Monday, January 9, 2017

Salt


After reading Paper, I decided to tackle Salt by Mark Kurlansky. Like Paper, Salt is chock full of interesting information with both breadth and depth. Appropriately, the first chapter begins in China, “A Mandate of Salt”. I learned that the earliest written record of salt production dates back to 800 B.C., but the records discuss the production and trade of salt during the Xia dynasty going back a further thousand years. I also learned the history of fermenting fish and soybeans to make what is now the ubiquitous soy sauce (although fish is no longer used in the recipe). Fermentation – it’s all chemistry! And those tasty black gelatinous century eggs? They are soaked in brine and sometimes encased in salted mud and straw

A hero in the Chinese story was the governor of what is now Sichuan province, an engineer named Li Bing. The province had long produced salt, but Li Bing figured out that the brine came from underground, and had the first brine wells drilled (in 252 B.C.) As the Chinese became more skilled at the task, the drill shafts went deeper. (Now I’ll quote two great paragraphs from Kurlansky…)

“But sometimes the people who dug the wells would inexplicably become weak, get sick, lie down and die. Occasionally, a tremendous explosion would kill an entire crew of flames spit out from the bore holes. Gradually, the salt workers and their communities realized that an evil spirit from some underworld was rising up through the holes they were digging… Once a year the governors of the respective provinces would visit these wells and make offerings.”

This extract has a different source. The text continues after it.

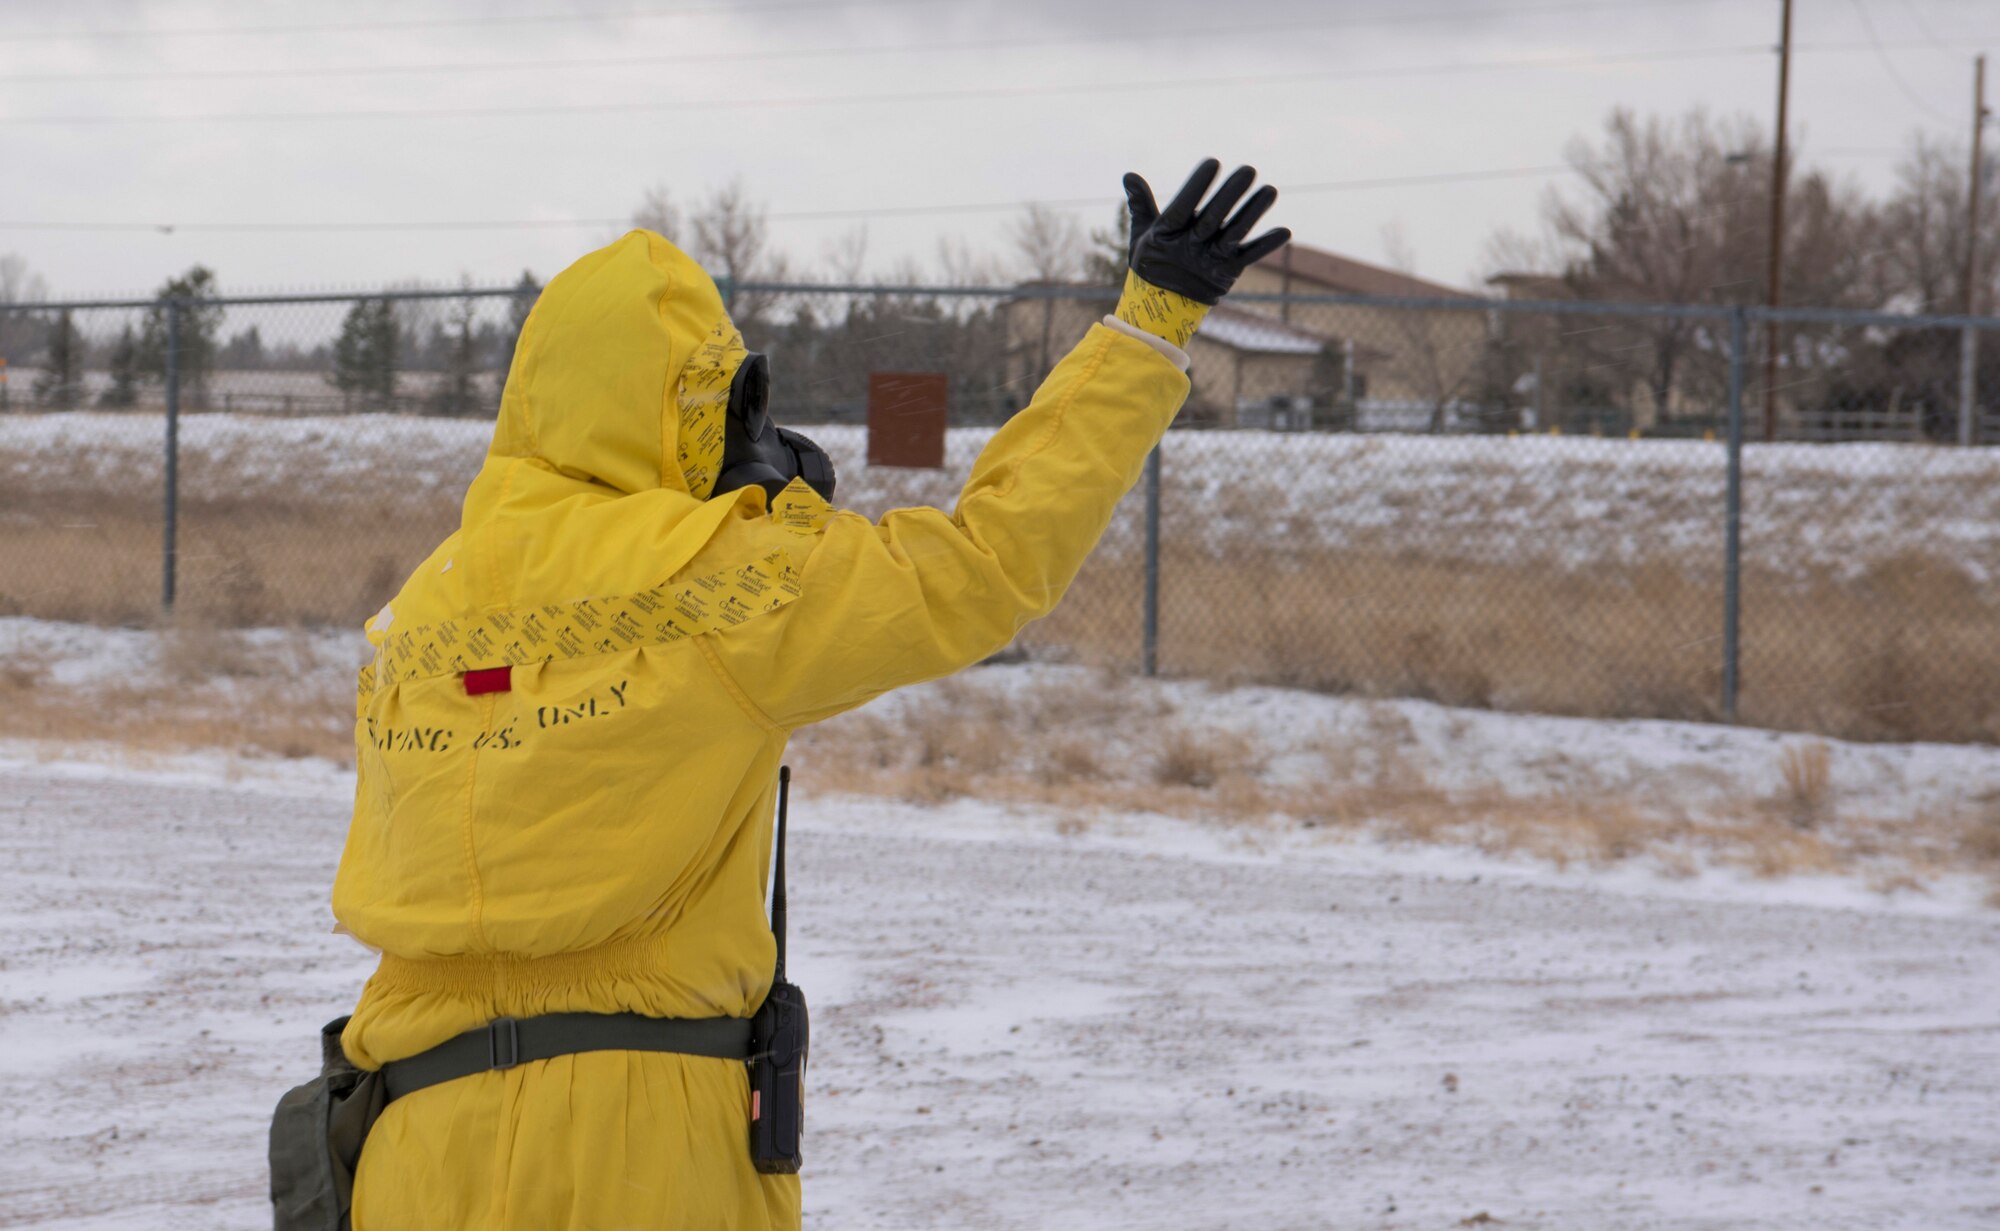 Senior Airman Mckenzie Williams, 90th Civil Engineering Squadron emergency management technician, signals to Explosive Ordnance Disposal that it is safe to proceed in to the cordon during an exercise on F.E. Warren Air Force Base, Wyo., Dec. 14, 2017. Exercises are paramount in keeping Airmen ready to jump into action when the need arises. (U.S. Air Force photo by Airman 1st Class Braydon Williams)

“By A.D. 100, the well workers, understanding that the disturbances were caused by an invisible substance, found the holes where it came out of the ground, lit them, and stated placing pots close by. They could cook with it. Soon they learned to insulate bamboo tubes with mud and brine and pipe the invisible force to boiling houses. These boiling houses were open sheds where pots of brine cooked until the water evaporated and left salt crystals.”

The passage reminded me about the kobolds of the Saxon miners, but what is particularly neat is that the workers behaved like amateur scientists and engineers. Yes, there may be evil spirits to placate, but one can make use whatever fumes may be coming from the beasts below. They essentially invented the first natural gas piping system, all in the service of salt production! Not only that, the use of bamboo piping spread to irrigation and plumbing systems. The Chinese also discovered gunpowder from mixing salt with other ingredients. And their salt taxes imposed by the government go way back, more than four millennia. The Chinese pictograph character for salt apparently “depicted the state’s control of its manufacture.” The image below is from salt.umd.edu and traces the evolution of the character.

 
As Kurlansky writes: “A substance needed by all humans for good health, even survival, would make a good tax generator. Everyone had to buy it, and so everyone would support the state through salt taxes.” The highs and lows of salt taxes are a prominent part of the book. Kurlansky trots the globe with how governments used and abused salt taxes from the pharaohs of ancient Egypt to Gandhi’s famous march in 1930 defying colonial Britain’s salt laws. He traces the important role of salt in the American Civil War, the American Revolution, and the Spanish wars with the Aztecs and the Incas. Whoever controls the salt, has the power.

History and chemistry is discussed in Chapter 18, “The Odium of Sodium”, titled after a ditty written by a British novelist.

Sir Humphry Davy
Abominated gravy.
He lived in odium
Of having discovered sodium.

In 1807, Davy isolated sodium via electrolysis. In 1810, he isolated chlorine. The former is a soft grey metal that reacts violently with water; the latter a greenish yellow gas that would gain infamy in gaseous trench warfare of the first world war. But when combined, they make sodium chloride, a white crystalline powdery substance, and the most common ingredient in what we now call table salt. The chemist thinks of salts as ionic compounds consisting of an electron donor (the metal) and an electron acceptor (the non-metal). The combinations of different metals and non-metals produces different salts with different properties. Saltpeter, a constituent of gunpowder, is potassium nitrate. Epsom salt is magnesium sulfate. Chalk is calcium carbonate. The combinations are myriad. We owe it to Davy and the many scientists who teased out the chemical theory of salts for our plethora of choices today. (Picture below from an interesting RedOrbit article about scientists studying the compression of table salt.)


Through much of history, the whiteness of salt and having uniform crystals, was highly prized. Dirtier and coarser salts were viewed as “less pure” and less valuable; perhaps related to the rise of industrial mechanization. But the tables have turned. Artisanal salt, irregular in its composition, not dazzling white because of the presence of impurities, has now become the darling of gourmet chefs and their many followers. Dirty salt, it had been called through the ages, and now it commands the higher prices.

What is our new salt today? The substance that everyone needs and can be taxed appropriately by the governments, or perhaps, the corporations of the world. The quest for the Killer App, the holy grail of the twenty-first century, is perhaps simply a short-term substitute for the position long held by salt.